Describing Terry Pratchett’s books is difficult. Someone asked me what the book I was reading was about, and I had to tell them it was about banking and the gold standard, but like in a cool way with golems and action. 

 I don’t think they believed me.

welcome to the club

It is so, so difficult to explain to people that your favorite book is about transgender feminist dwarves, Nazi werewolves, and the mystery of a missing piece of really old ritual bread. And Opera saves the day.

yes, give us those sweet, sweet, terrible descriptions

A tortoise who’s really a god, finds an allegory for Jesus and they go on adventures in an ancient greece like place and then a desert 

The chief of police averts a rerun of an ancient war, partially despite and partially because of being possessed by a dying dwarf’s graffiti

It’s like Les Miserables but Javert is the good guy and also there’s time travel.  

Macbeth but it’s about the witches

Chapter one, the protagonist is hanged. Then he’s put in charge of the post office. Yes, in that order.

it’s like mulan if there were way more mulans in mulan and also pratchett is extra irritated that too many people missed the point of jingo

The bureaucrats of the universe get annoyed at the paperwork humanity causes so they decide to steal Christmas.  Replacement Christmas is done by Death and replacement Death is done by goth Mary Poppins, who is also in charge of the investigation.

these are all nice and accurate reasons to read discworld if you haven’t yet

Romeo and Juliet football AU but the other team is wizards

Hollywood????

An entire clan of tattooed, hairy, kleptomaniac, alcoholic Scotsmen decide a little girl is their new best friend whether she wants to be or not and she rescues her absolutely worthless brother by discovering the power of selfishness.

@cosmictwobyfour

Someone is dying, journalism is being invented, and part of Pulp Fiction is going on in the background.

The universes burocrats want to measure everything so they pay a man to imprison time so everything will stop and they can measure things in peace. Goth mary Poppins saves the day, the fifth horseman of the apocalypse is the best Milkman in the world, and chocolate saves the day. Also someone was born twice.
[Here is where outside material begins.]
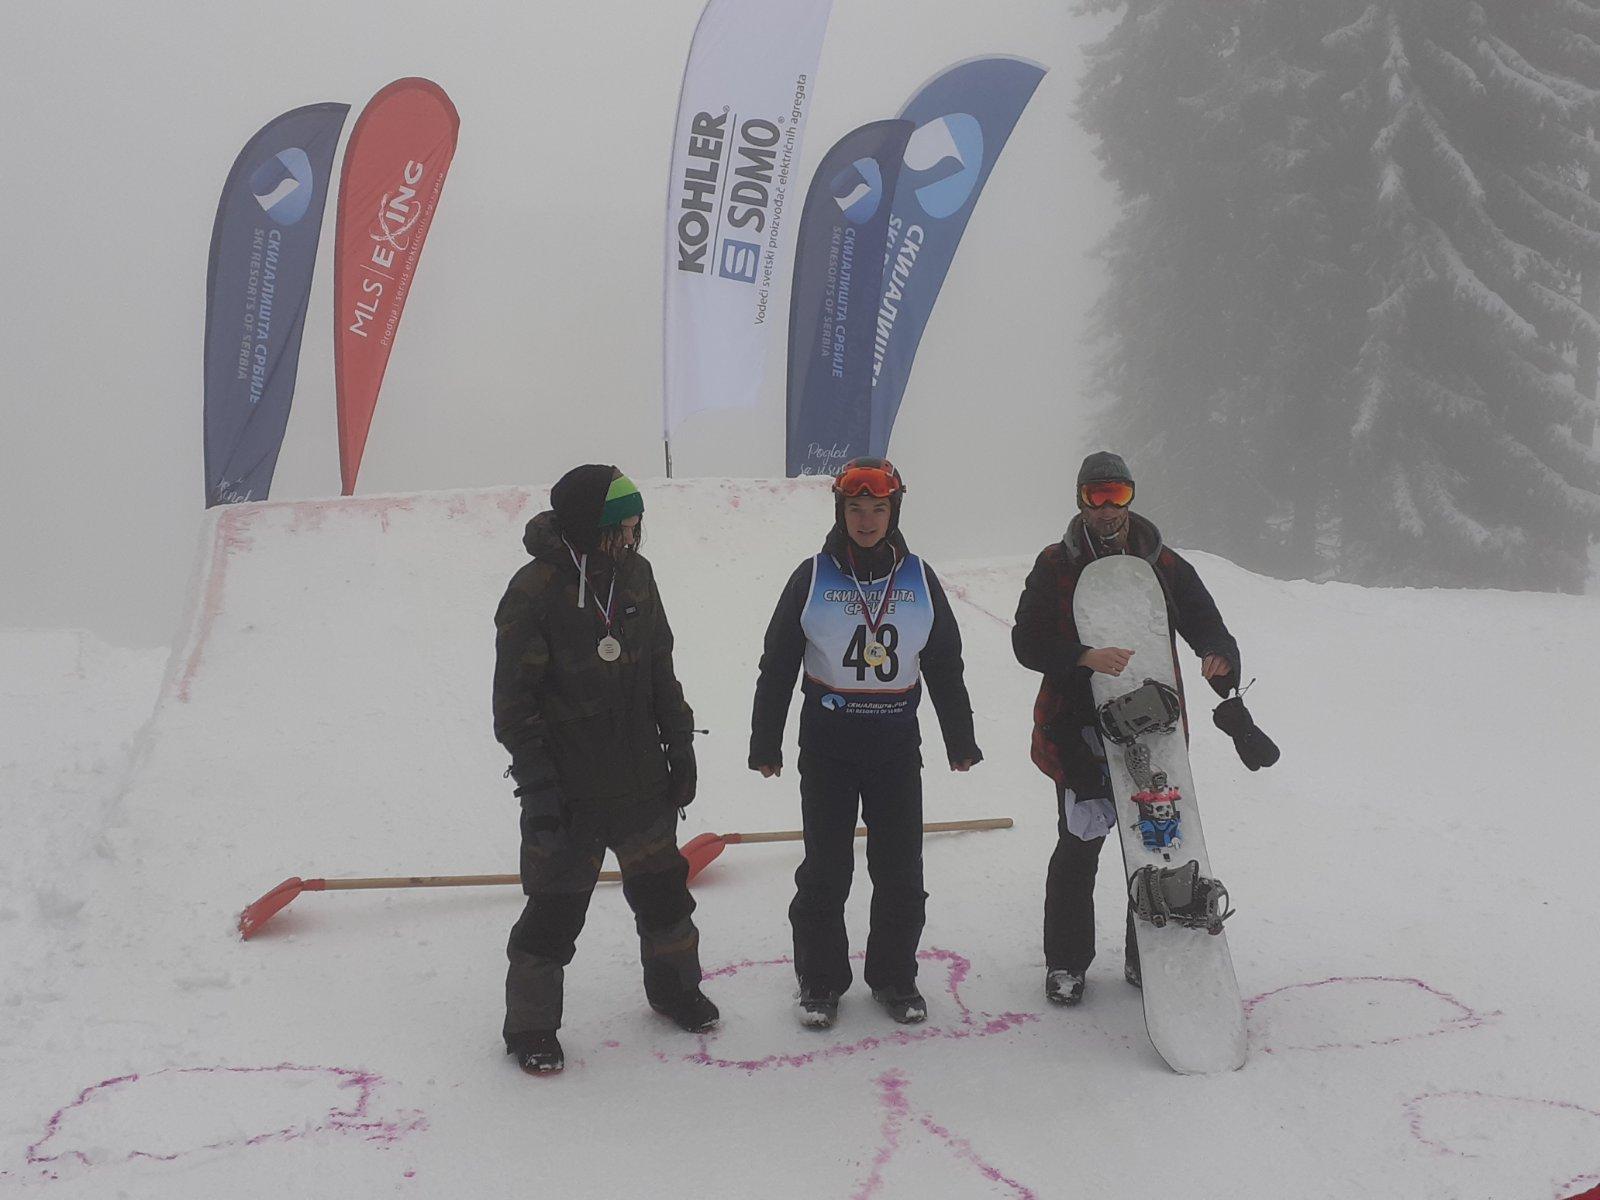 "Photo of Snouborderi iz Ski i snoubord kluba ""Stara planina"" uspešni na Kopaonicu na ABC kupu"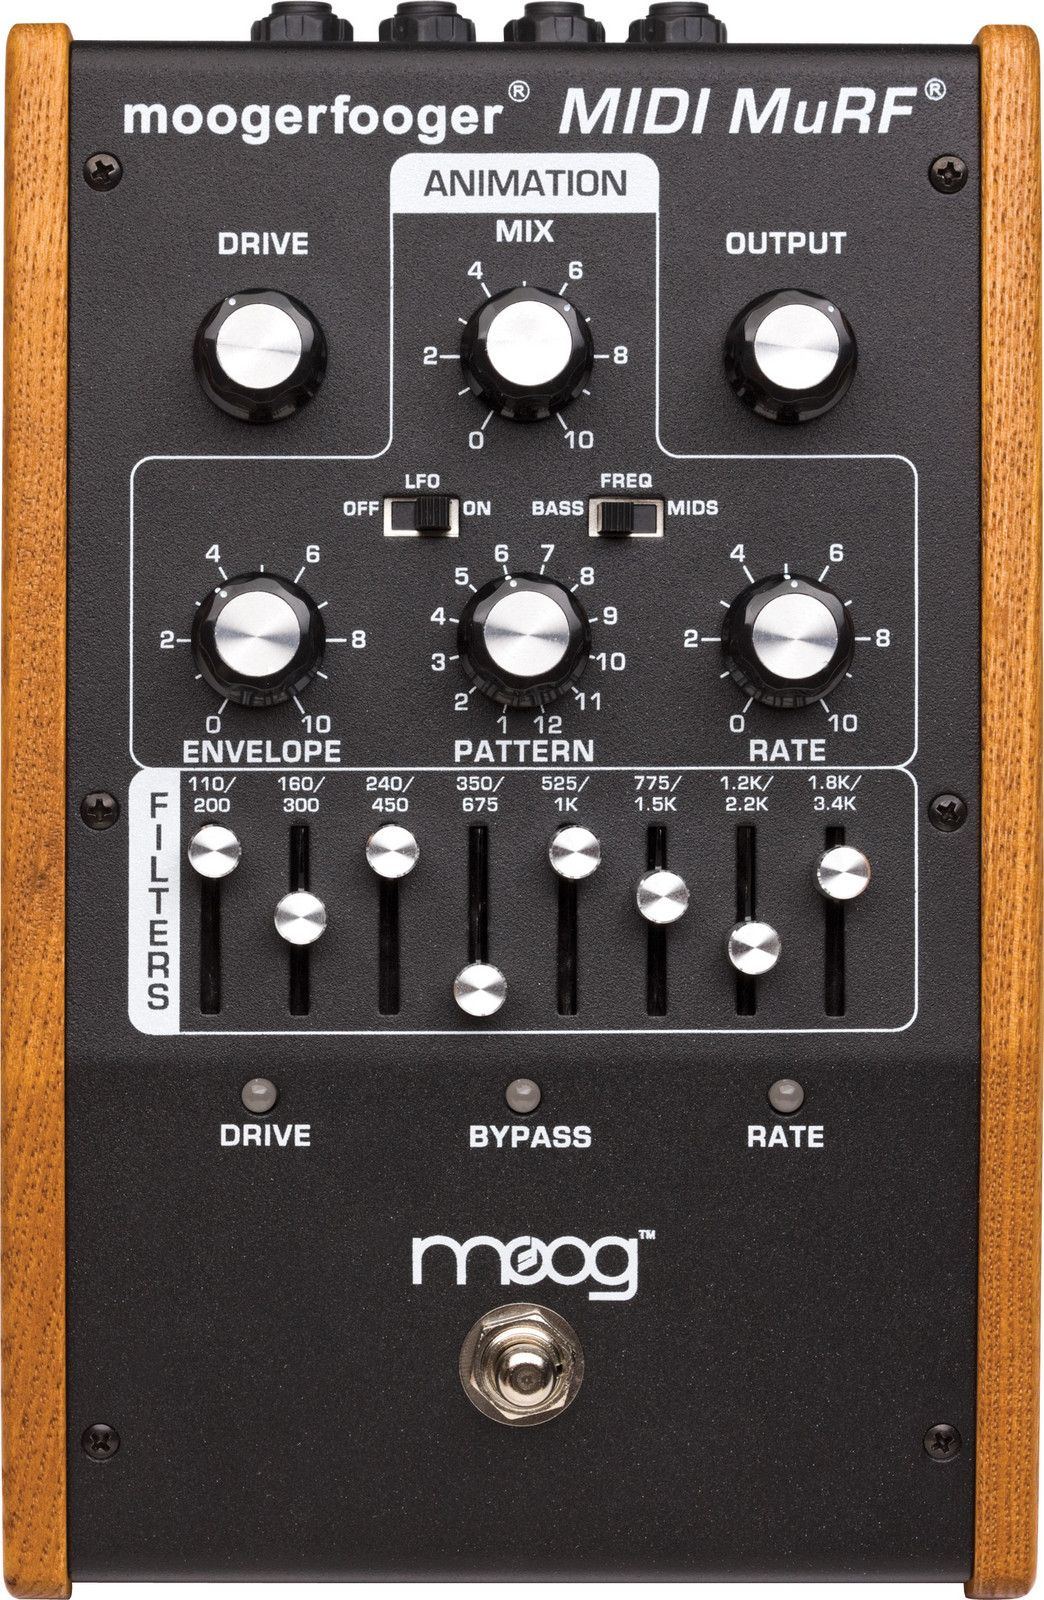 moogerfooger great guitar pedal names in 2019 guitar pedals drum machine instruments. Black Bedroom Furniture Sets. Home Design Ideas

Classic dynastic machinations are happening in fantasy China, to be completely overturned by a gang of elderly barbarian heroes and the world’s worst wizard and best sprinter

A sad, pathetic male of his species re-plumbs the depths of his soul and saves the city by wooing a powerful female. The same thing happens to a dragon.

…And all the above are true. :)

Doing a single-sentence (two, tops) summary of any given Pratchett book could become quite a fun pub, panel or parlour game.

thestuffedalligator:

The Discworld fandom is something I affectionately think of as a kaiju.

The Discworld fandom is, despite all outward appearances of being this lil’ ol’ ma and pa fandom, actually very, very big. Unbelievably big. Vastly, hugely big.

Discworld has a dedicated convention. Discworld had published filk albums. Discworld has officially licensed video games on the PS1. Discworld has a twinned city in the real actual United Kingdom.

Because Terry Pratchett was called the highest selling author in the United Kingdom for a slice of time. Not the highest selling fantasy author, the highest selling author, full stop.

There are a lot of people who have read Discworld, and of those there are a lot who would consider themselves fans of Discworld. And it’s a fandom that largely lies slumbering on the sea floor, content, quiet, until something happens and the whole fandom rises out of the ocean like fucking Godzilla to bellow “HAAAVE YOOOU REEEAD DIIISCWOOORLD III HAAAVE FLOOOWCHAAARTS” and stomp on a building

travellinghopefully:

The Glorious 25th May, how do they rise up?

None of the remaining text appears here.